We configured each conditional forwarder of each DNS server to point to the IP of the other virtual machine, so that we could use it first as an attacker, and then as a target. First, we used the 64-bit machine as the attacker and the 32-bit machine as the target.

32 bit patch

The above screenshot shows the patch in the 32 bits version.

The patch avoids processing sizes greater than 0xffff and uses the safe function _UshortAdd to avoid integer overflow when adding.

Below are the additions performed in the unpatched version:

32 bit patch additions

In these additions an integer overflow can occur and be allocated a size much smaller than what is to be copied later. The mechanism of how the vulnerability is triggered is explained in detail in the original blogpost, but here are the steps, briefly:

  1. A DNS request to the vulnerable DNS server is performed.
  2. The vulnerable DNS server finds the conditional forward to the malicious servers and, acting as a client, connects to the fake UDP server.
  3. The fake UDP server responds and then the DNS server connects to the false TCP server which finally responds with the crafted packet that will produce the overflow in the vulnerable DNS server.
Integer overflow

We could control, within certain limits, the size with which we produced the integer overflow. The problem occurred when trying to copy the data that overflowed from the section where the copy was performed.

copy overflow problem

To be able to trigger the overflow EDI needed to have a value of a little less than 0xFFFF, so that when AX and 0x14 were added, the size to allocate ended with a value greater than zero but lower than 0xFFFF. (We could get allocation sizes from 0 to approximately 0xd8.)

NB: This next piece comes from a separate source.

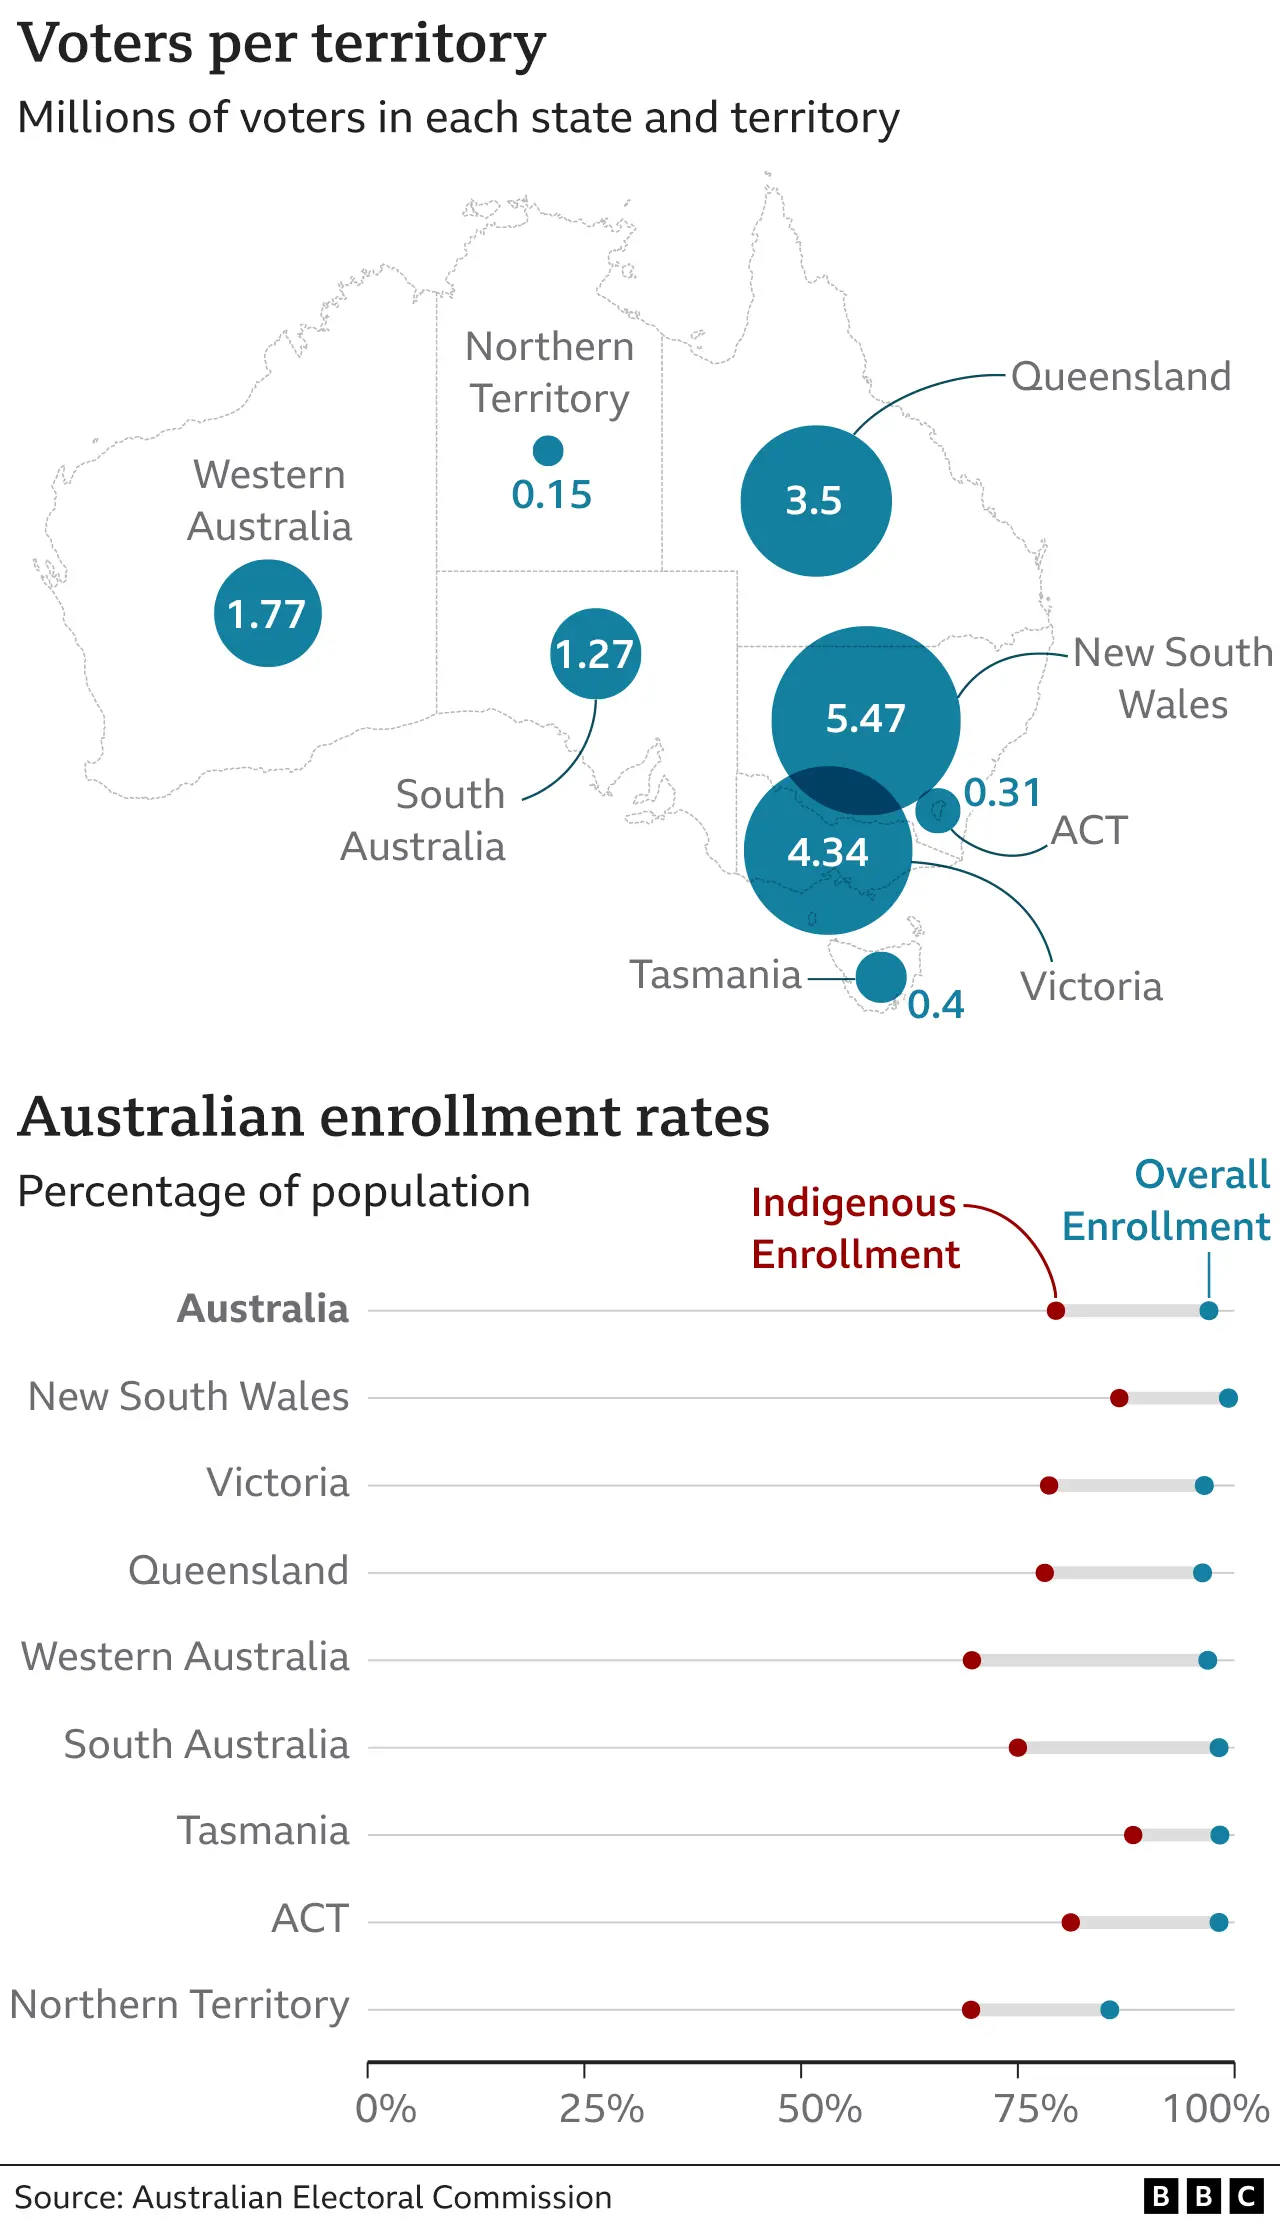 A map showing the proportion of voters in states around Australia - the most are in New South Wales and Victoria - and high enrollment rates nationwide, but with slightly lower rates for Indigenous people

But the saved size was still much larger—as we said, it was close to 0xFFFF. If later copies use this size, it would generally produce a crash.

Size change allocation

To bypass that crash, we looked for a code that performs a simple allocation and is the same size as the one that occurs here. This code could be created and released whenever we wanted.

The memory allocator in the 32 bits version checks if the size to be allocated is greater than 0x68 and uses native Windows heap (HeapAlloc, HeapFree etc).

memory allocator

If the size is smaller or equal than 0x68, the heap is managed by the program using StandardAllocLists.

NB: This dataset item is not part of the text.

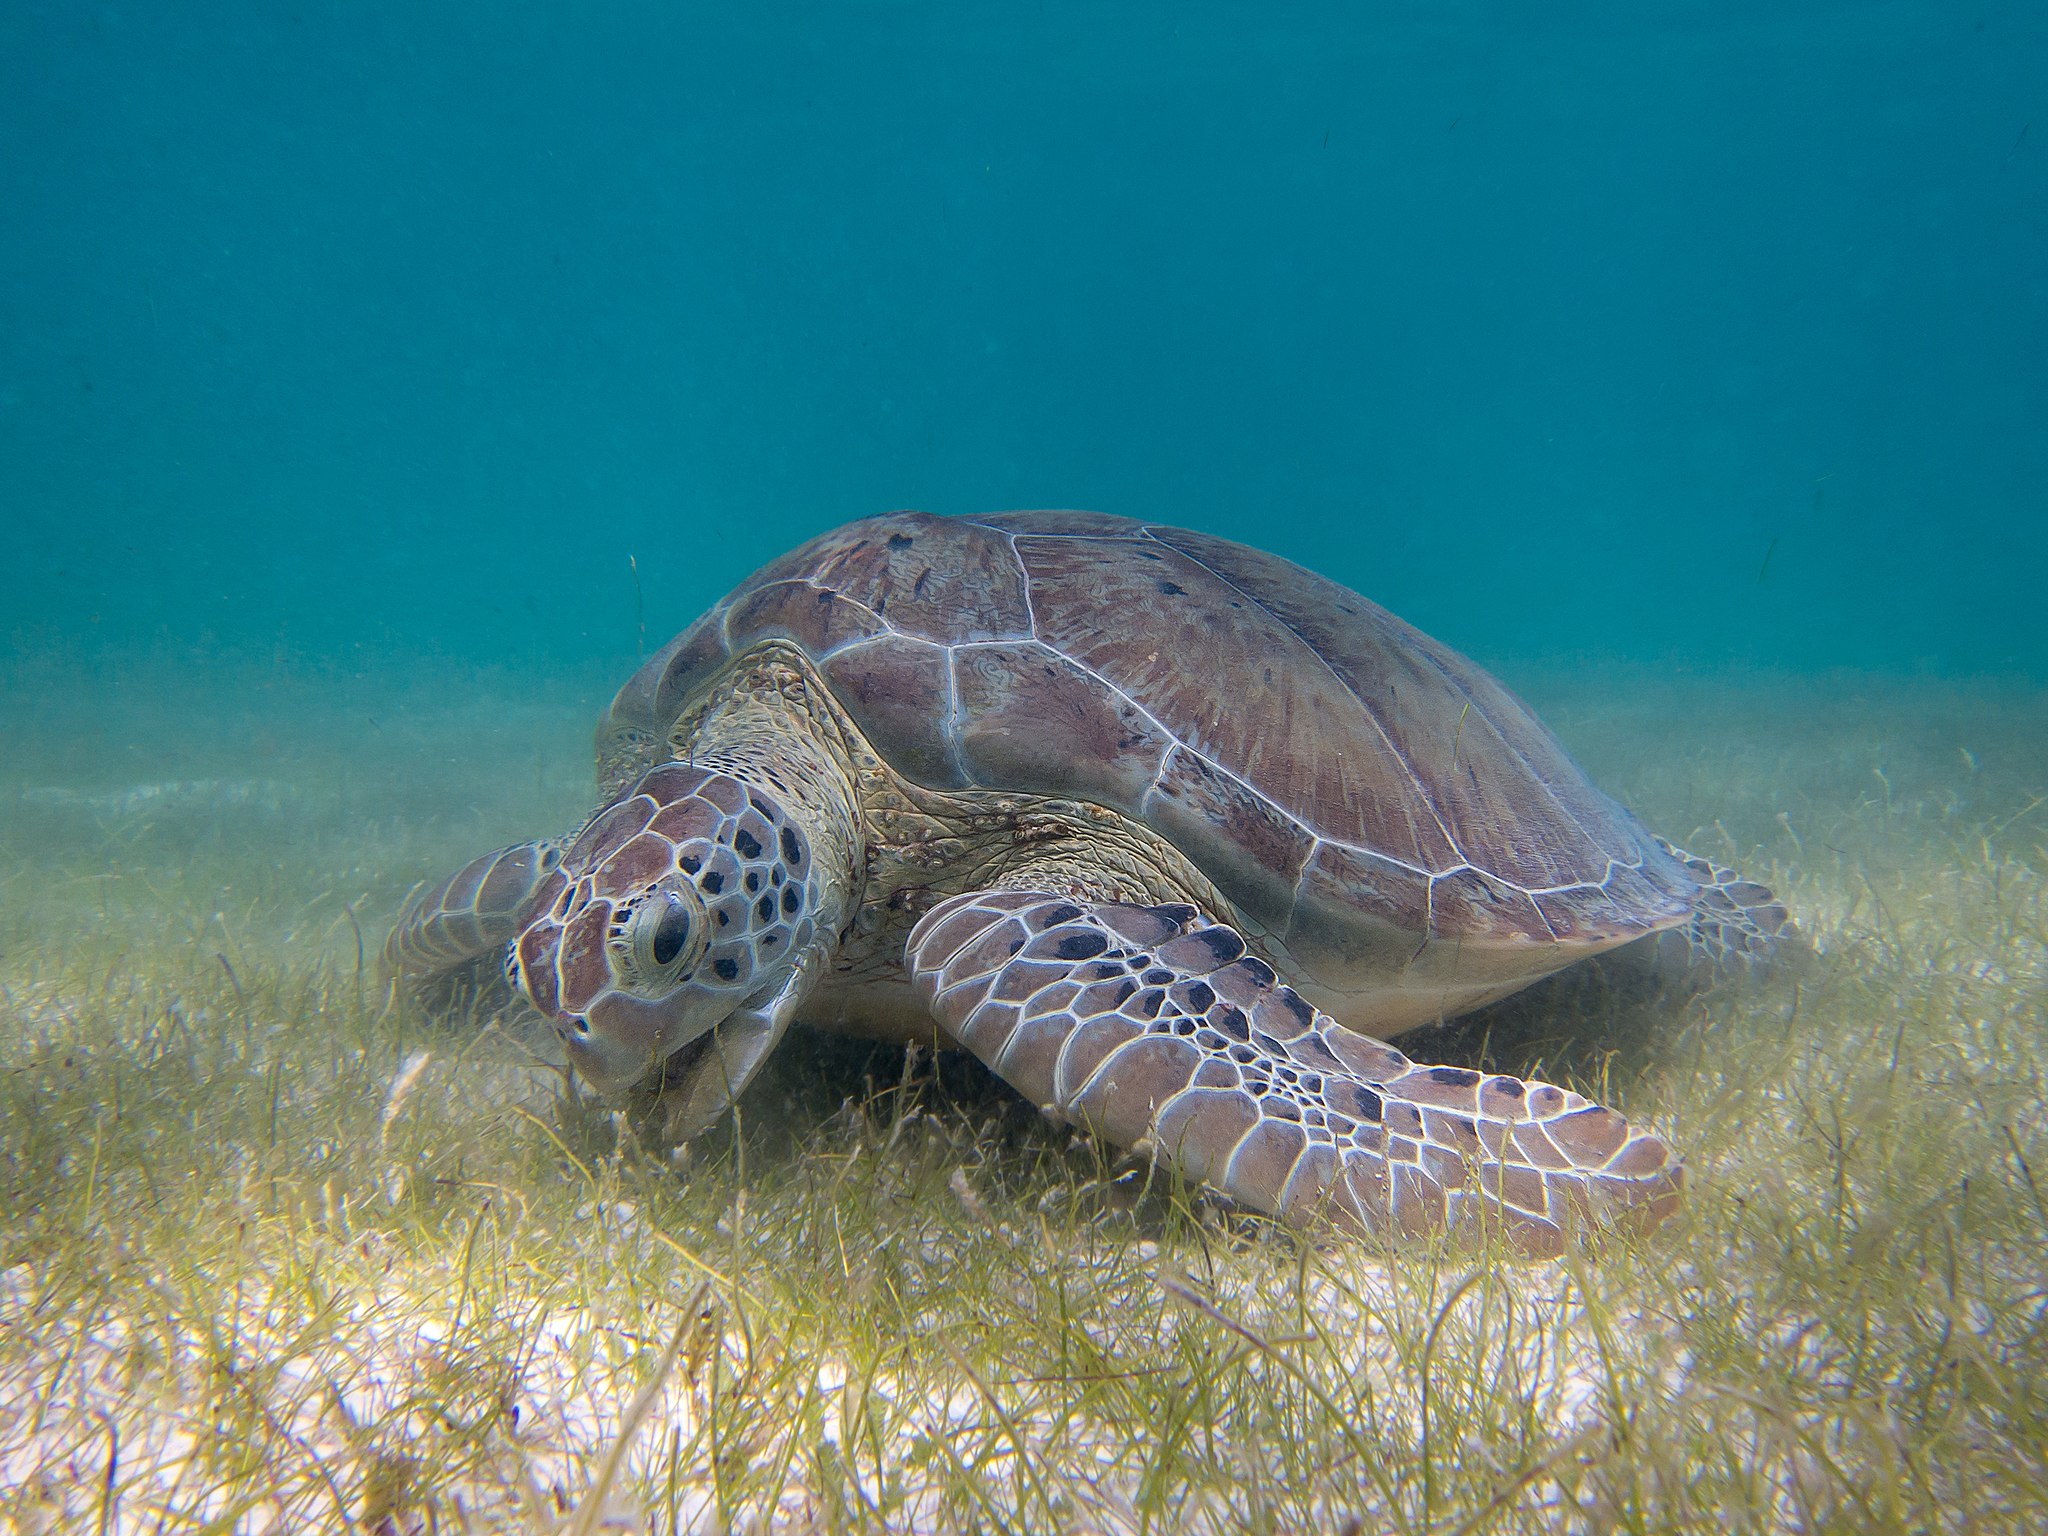 Seagrass meadows harbor wildlife for centuries, highlighting need for conservation

In the 64 bits version, sizes greater than 0x90 use native Windows heap. Otherwise it uses StandardAllocLists.

Spray heap allocation

The screenshot above shows the allocation used by us to spray the heap.

An allocation of size 0xd4 occurred and was easily administered to make a spray that would stay alive and would be released at will.

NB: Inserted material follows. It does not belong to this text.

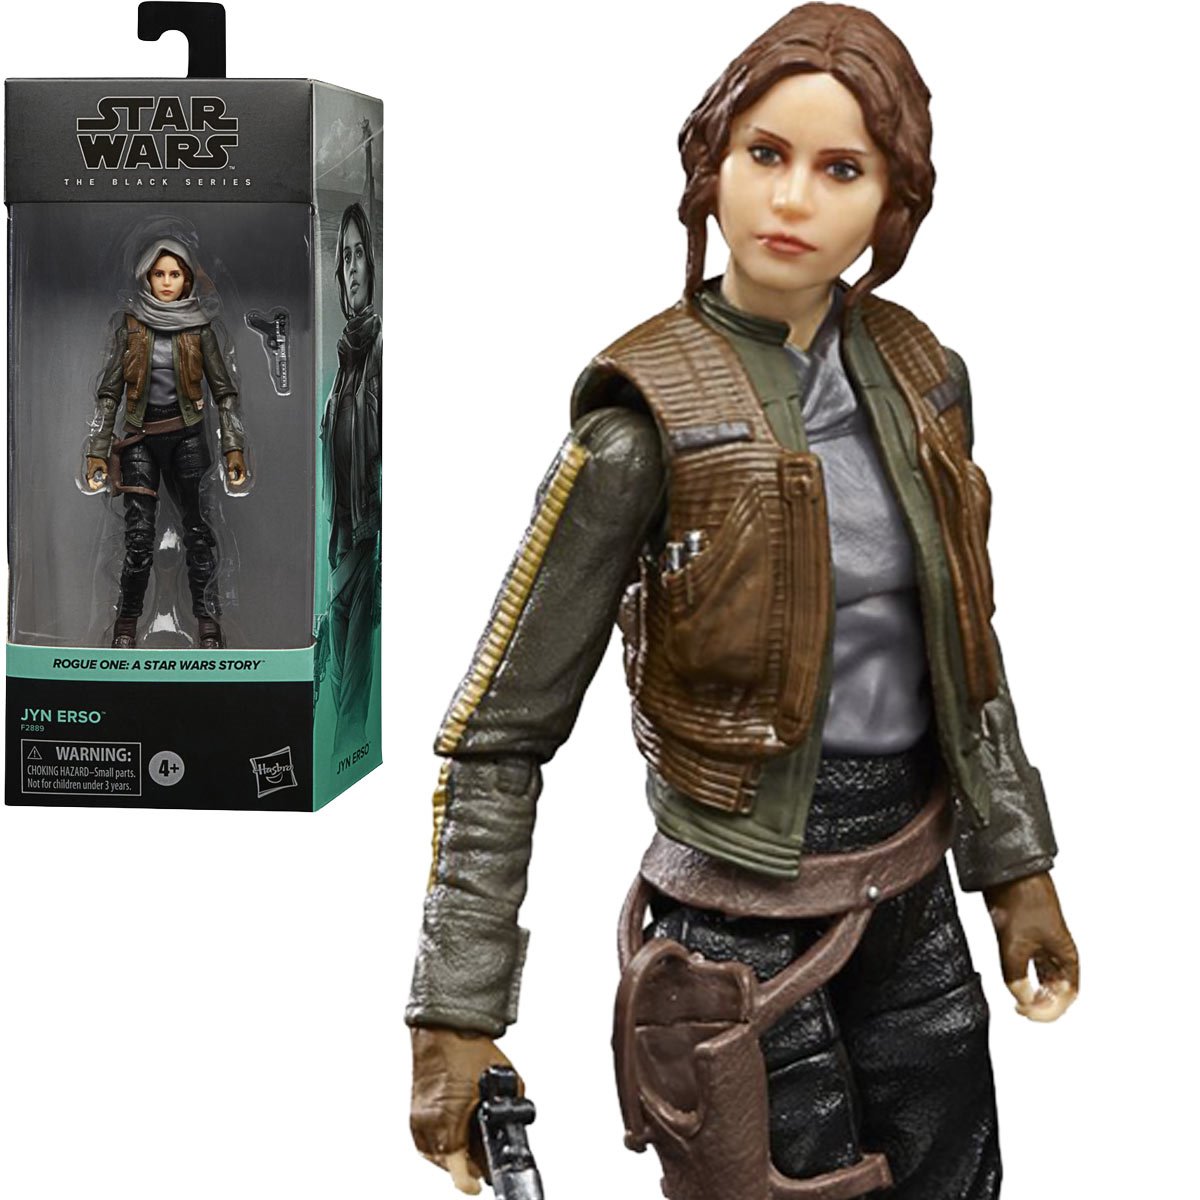 Star Wars The Vintage Collection Jyn Erso 3.75-inch Figure

We could then spray the heap with chunks of size 0xd4, close some connections to free and achieve a gap and then locate the allocation that is made with SigWireRead in it.

If we massaged the heap in an appropriate way, we could ensure the allocation is in the initial part of the section, avoiding the crash in the memcpy function.

Code execution

By manipulating the heap and using some pointer leaks, code execution could easily be achieved.


Now, we’ll go through the other scenario, which had the 64-bit virtual machine as the target and the 32-bit as the attacker.

64 bit VM

We could not use the same strategy massaging the heap, because the size of the Tcp_ConnectionCreate allocations is 0x108 and our packet that reached SigWireRead cannot allocate that amount due to packet limitations.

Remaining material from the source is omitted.